My first tempo run I did the 2 miles then changed into my regular running shoes to complete my workout. I didn't have any problems after that run which was Wednesday of last week. I did not wear the new shoes again until yesterday. I didn't change shoes after the 2 miles. And, now that I think about it, I started feeling the pain while I was doing the tempo run.

John, you said too fast too soon. Any ideas how I should be doing tempo runs at this point? My typical workout is a run/walk with 3 mins running followed by 2 mins walking. While training for the Wine and Dine I did several Galloway "magic miles" and my pace for those was in the 8:15-8:30 range.

When I decided to do tempo runs I thought I would start with just 2 miles at that pace, then go back to my run/walk at my regular training pace. Any suggestions on how to start my tempo runs? Or, maybe forget the idea of speed work altogether?
 
As others have said, speed work + new shoes + minimalist shoes = problems.

If you have not done speedwork before, I would really not start with a 2 mile tempo run. Since you are on a 3/2 interval, I would think about doing 3 minutes at your tempo pace, then 2 easy minutes of walk/slow jog, and probably only do that for a total of 20 minutes, maximum. Speedwork is a great way to get faster, provided that you do not get hurt, and speedwork is one of the easiest ways to get hurt.

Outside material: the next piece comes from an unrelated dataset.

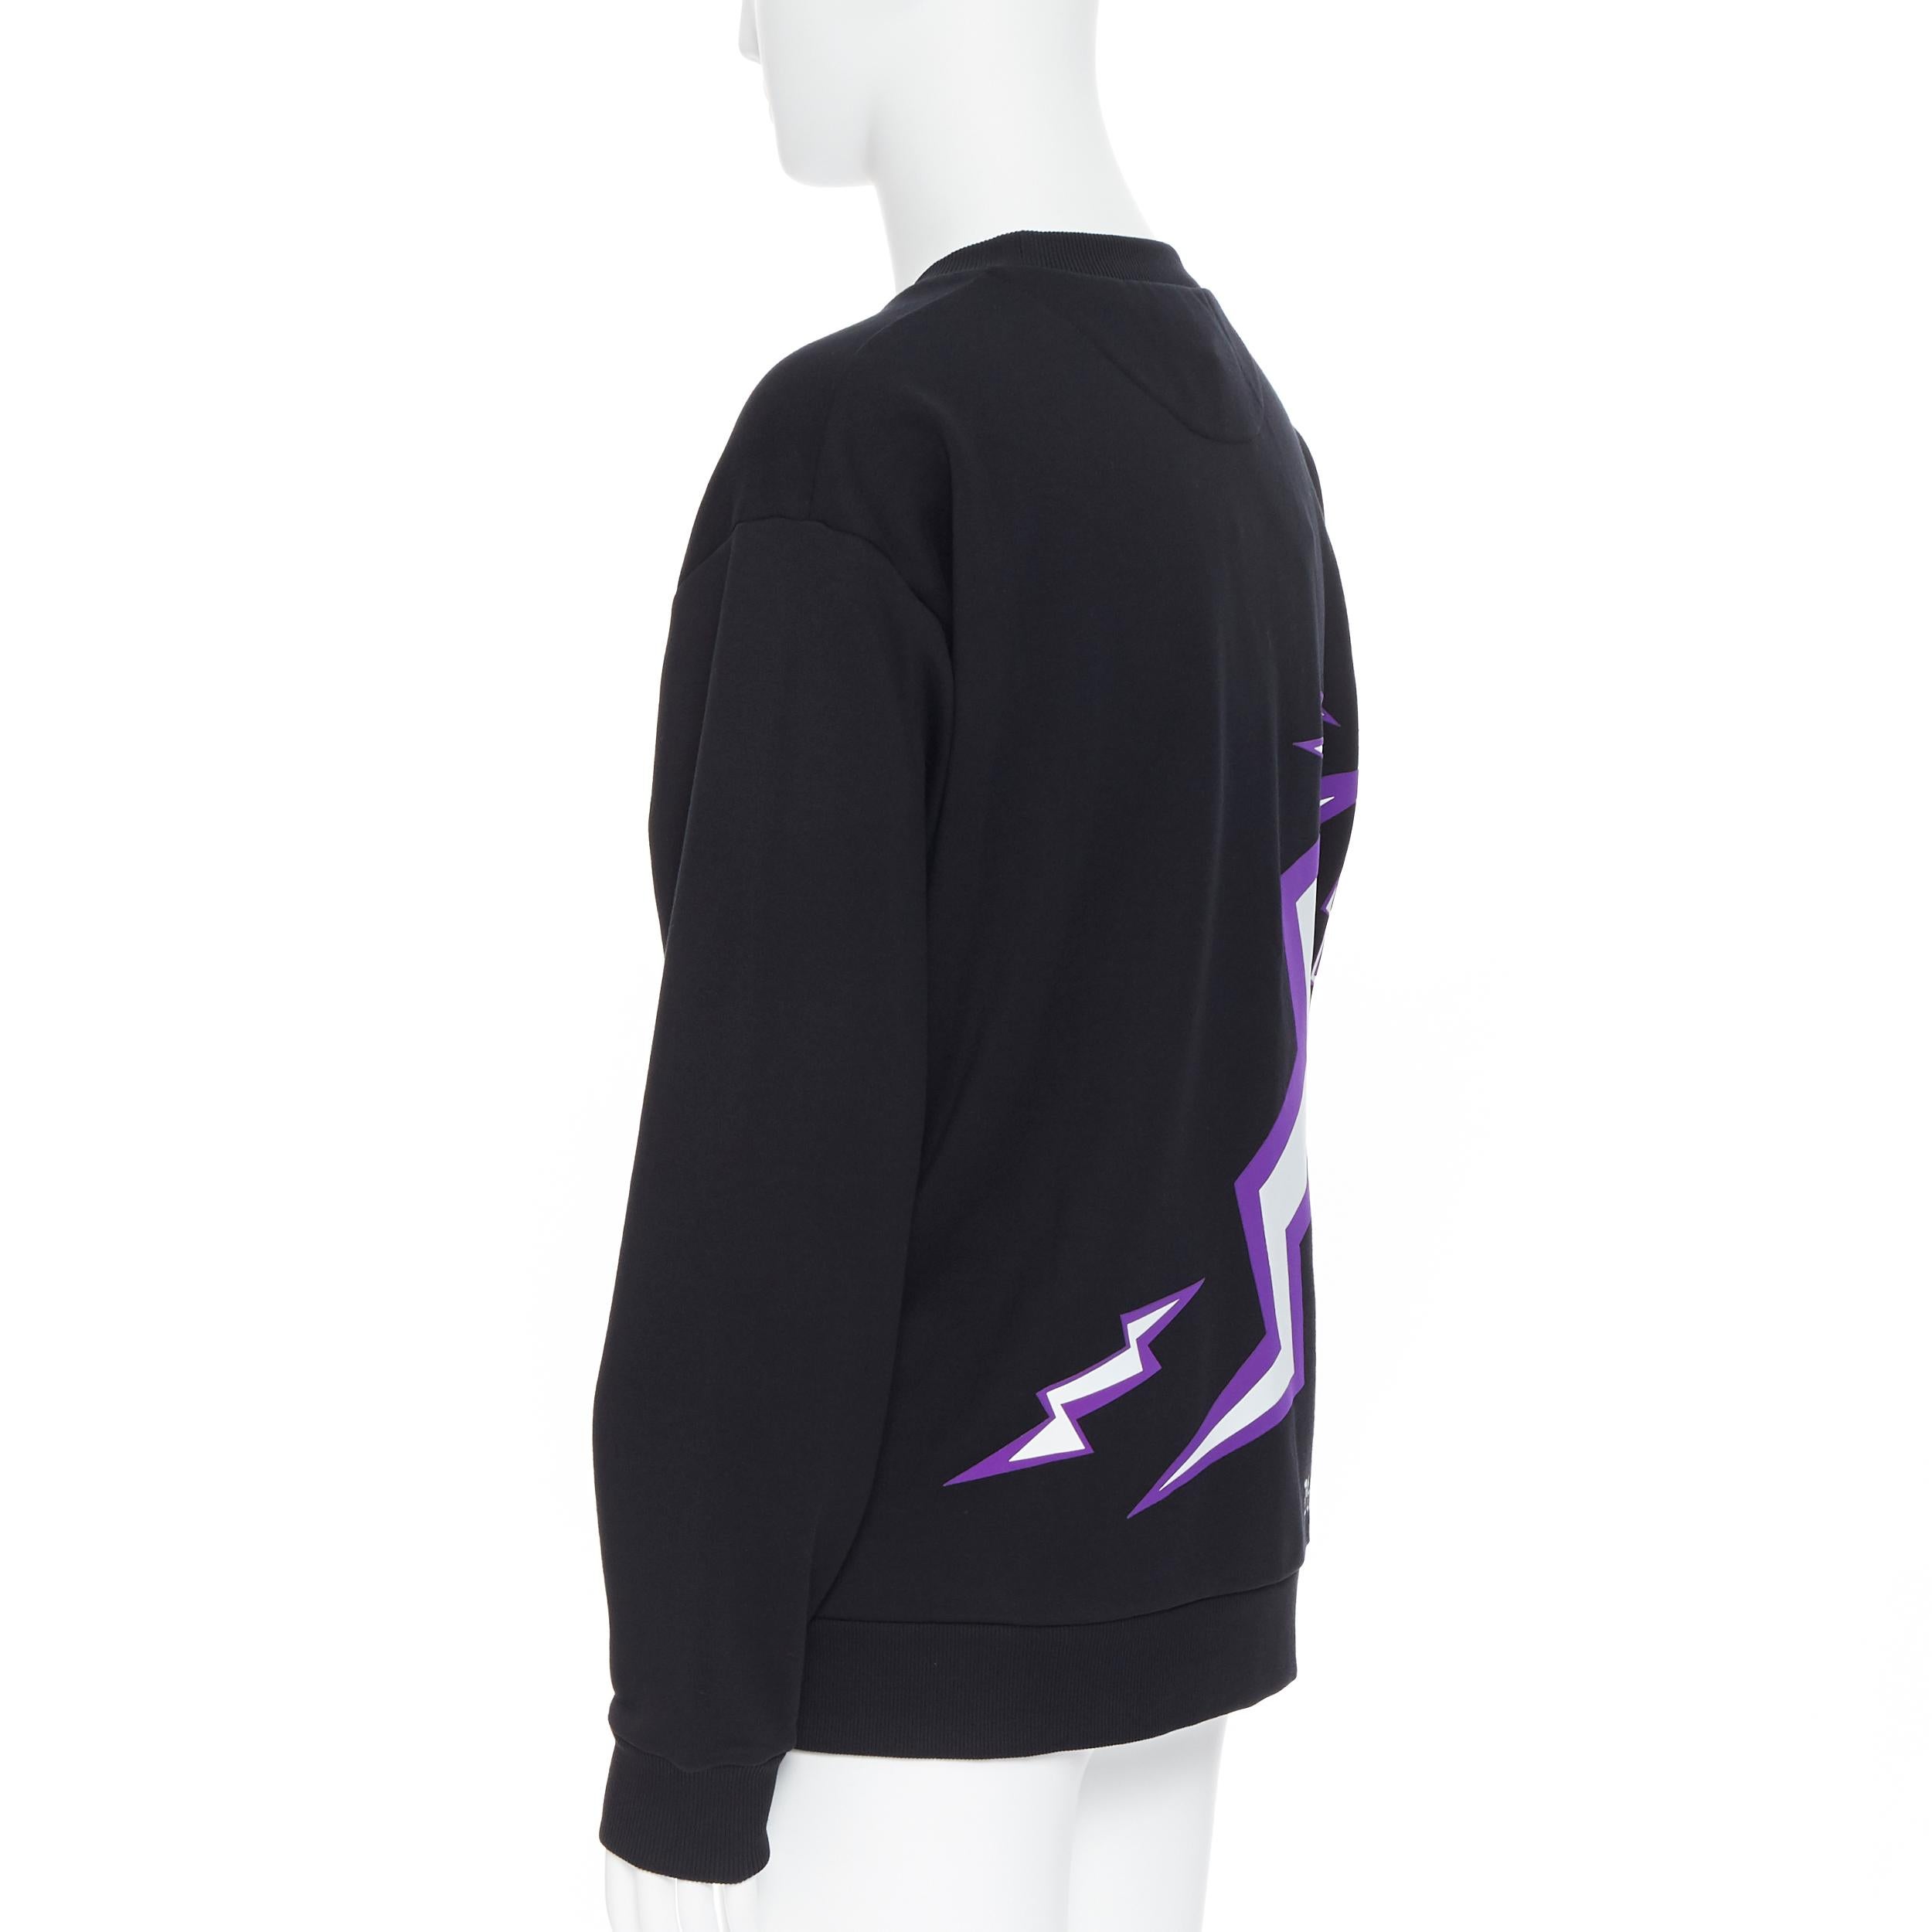 Black new PRADA 2019 Frankenstein Thunder Lightning Bolt black sweatshirt sweater XXL

I don't think that minimalist shoes are a problem per se (disclaimer - I run in Vibrams myself), but a lot of people get them, and try to run their normal runs in them right from the get go. This invariably leads to injury. If you want to run in minimalist shoes, you pretty much need to go back to the very beginnings of a C2K program, and slow run for 30 seconds, walk for 2 or 3 minutes. And then don't wear them to run in again for at least a day, preferably two. And start on grass, if you can, not treadmill or concrete.

Anyway, hope it is feeling better. RICE, and if it is not getting better in a day or two, see a doc.
 
Thank you for that advice on easing the tempo run into my workouts. Makes sense. Not sure if my shoes are truly minimalist as much as they are very lightweight.

I have been very blessed to not have I injuries in the 4.5 years I have been at this. Sooo, I have not paid much attention to the injury threads. Please tell me what RICE stands for.

I am content not to get faster if it means remaining injury free.
 
Rest-Ice-Compression-Elevation

Not an authority on run/walk since I am basically a walker getting into jogging so I will leave it up to others for suggestions about your training. BTW, my walking Magic Mile is 8:16.
 
My ankle is about back to normal. I have been resting since my run on Tuesday when I hurt my ankle.

I appreciate everyone's comments here. If I decide to go back to speed work I will take it much more slowly.